Солдатушки, бравы ребятушки, Где же ваши жены? Наши жены – ружья заряжены, Вот где наши жены!

Солдатушки, бравы ребятушки, Где же ваши детки? Наши детки – пули наши метки, Вот где наши детки!

Солдатушки, бравы ребятушки, Где же ваши сестры?

Наши сестры – штыки, сабли остры, Вот где наши сестры!..

Вечерами на привалах Стефан доставал и свою трубу, чтобы исполнить какое-нибудь соло из модной оперы или польскую мелодию для своих земляков, которых в отряде было немало.

Задумавшись, Стефан отстал от строя. Его вернули к действительности щелчки бича. Это мальчишка, сидя на зарядном ящике, подгонял две пары волов, тянувших за собой телегу с тяжелым орудием.

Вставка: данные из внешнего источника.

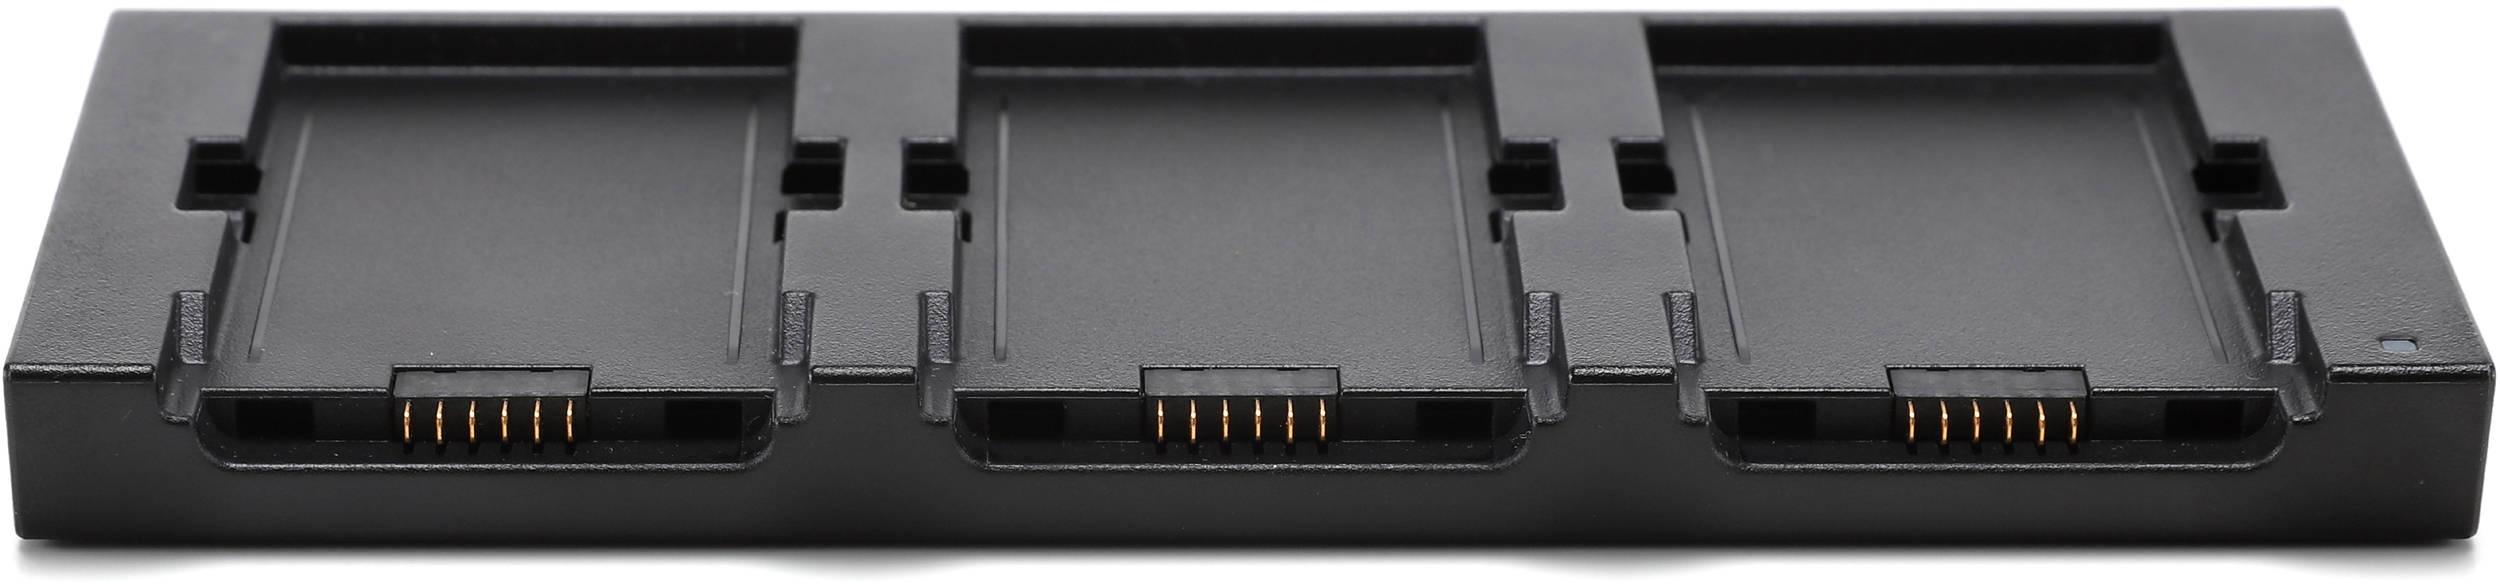 Зарядный хаб для 3 батарей Spark Battery Charging Hub-5

– Ну, черти! – кричал Ефимка.

– Шевелитесь, не баре!

– А ты зачем тут? – спросил его удивленный Стефан.

– При роте состою, господин унтер-офицер! – ответил Ефимка.

– Наш паренек, – подтвердил фельдфебель Михей.

– И глаз у него острый.

– Он что же, и воевать будет? – недоумевал Стефан.

– Так точно! – откликнулся Ефимка, награждая быков очередным ударом.

– На учениях так пушку навел, что мое почтение! – хвалил Ефимку Михей.

– Справный хлопец.

Стефан слышал про этого мальчишку, которого барин собирался обменять на собаку, но никак не предполагал, что этот Ефимка будет участвовать в походах.

– Значит, на войну? – спросил Стефан мальчишку.

– А то! – гордо откликнулся Ефимка.

– Ты уж поосторожнее будь, – советовал Стефан.

– Вот и я ему толкую, – поддержал унтера пушкарь.

– Видал я здешних ловкачей. За любым кустом, за камешком всяким схоронятся. Моргнуть не успеешь, как накинутся, скрутят да уведут, а то и вовсе зарежут. А бросимся искать – нету, как сквозь землю провалятся. Кавказ, братец, тут держи ухо востро!

– Главное, под пули не лезь, – советовал Стефан.

– Оно самое, – кивал пушкарь.

– Эдак нельзя, надобно быть порассудительней.

– Как же можно, чтобы пулям кланяться? – смеялся Ефимка.